EMILE ABEN: I may not have the authority ‑‑ I am Emile from the RIPE NCC. I don't have the authoritative answer, but what we hear is, we are not the Internet police, so we don't police the Internet. But what I wanted to say, which I think is very important, is that we provide transparency to the routing system by running a system called RIS, the Routing Information Service, so because ‑‑ and BGP doesn't have an inherent security, it's very important that we actually have transparency there, and that people can develop tools and have visibility into when bad things happen on the Internet and can take action themselves. That's one that I think that we do, do.
BRIAN NISBET: Thank you. Erik, then we're going to have to stop. But go ahead.
ERIK BAIS: Erik Bais, AZB Internet, and also Co‑Chair for Address Policy. One of the things that the NCC has in their procedures is that there is an option to dispute the transfer that's being done by one of the directors of the leaving organisation, so if your resources are hijacked, one way or the other, there is always an option to dispute that at the RIPE NCC, and there are policies for that in place and it will refer, if the claim is valid, they will refer back to the original state.
BRIAN NISBET: Cool. Thank you.
So I think that is that from the point of view of questions or comments. So, Tianxaing, thank you very much for your presentation this morning.
TIANXAING DAI: Thank you for the questions and the work. Thank you so much.
BRIAN NISBET: Thank you. So, that is ‑‑ I am just going to ‑‑ no, wait sorry, I wish to share pre‑load slides. Just go through this again.
So, in my own AOB, there is a piece I forgot which is, you know, of our own procedure. So I mentioned earlier Tobias is willing to do another term as Co‑Chair of the Working Group. What I didn't do, rather vitally, was ask the Working Group if you're happy with that. Nobody objected, but it would be nice to get some sort of positive affirmation for him being reflected as a Working Group Chair. I am happy for this in chat or for people to say something, but it would be good to get something there. And that's a yeah from Remco, which is ‑‑ and apparently everybody loves Tobias. Indeed. And I ‑‑ you know, it's one of the things that Tobias and I talk about.
So, cool, okay, that is sufficient. That is enough affirmation of same. So, thank you for that.
Does anybody else have any other AOB? Not seeing anything.
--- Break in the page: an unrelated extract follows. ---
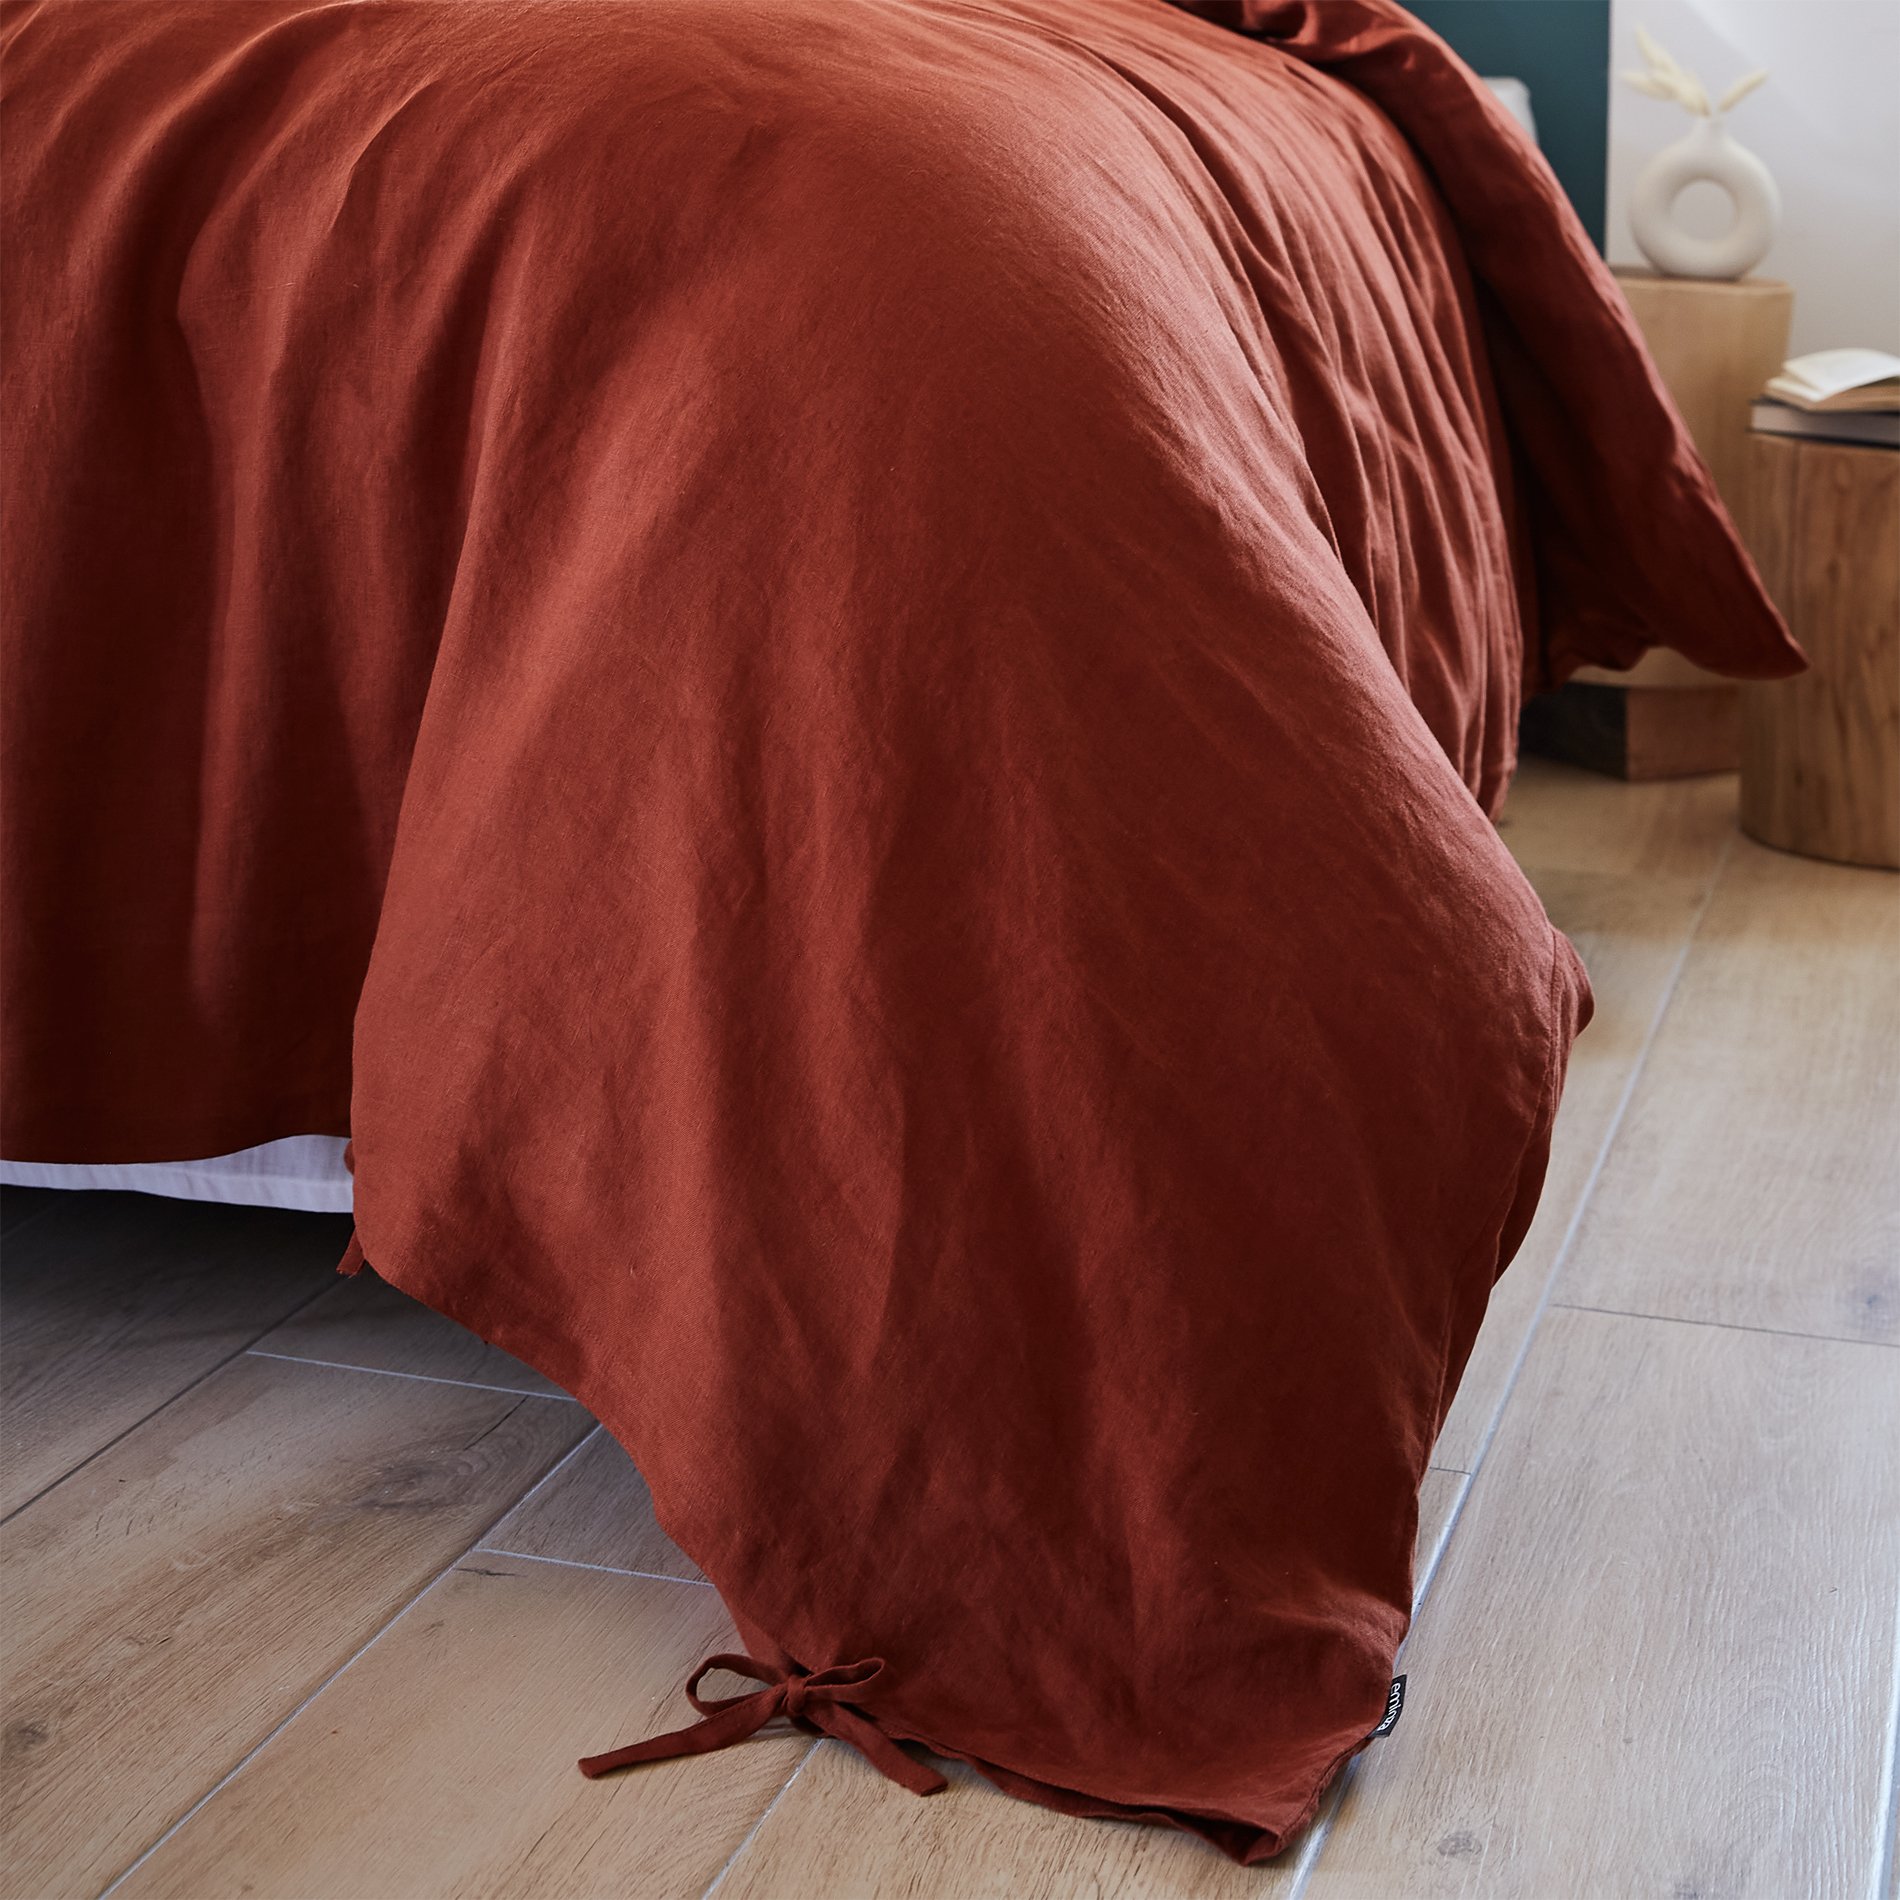 Edredones nórdicos para cama - Terrakotta

Then, this was definitely one of those anti‑abuse ‑‑ the fun of planning an Anti‑Abuse Working Group agenda is that you are never sure if something is going to take five minutes or half an hour. It is ‑‑ it's a fun time.
So, that is the end of our session. I will remind people about thinking about agenda items, be they work items, other things for RIPE 84, which, if the gods are kind to us, will be hybrid in Berlin, back to our hopefully improved hybrid RIPE meetings, and I very much look forward to standing in a room with full loads of booster shots and everything else with a number of you in Berlin in spring, May of next year, that would be wonderful. But, for now, I think that is the end of this session. So thank you so the participants, to the speakers, to the NCC staff, to our wonderful stenographers, and again, to all of you and we shall talk to you, hopefully, in Berlin and online, because hybrid is important at RIPE 84, so thank you all very much, enjoy your lunch and see some of you in SpatialChat.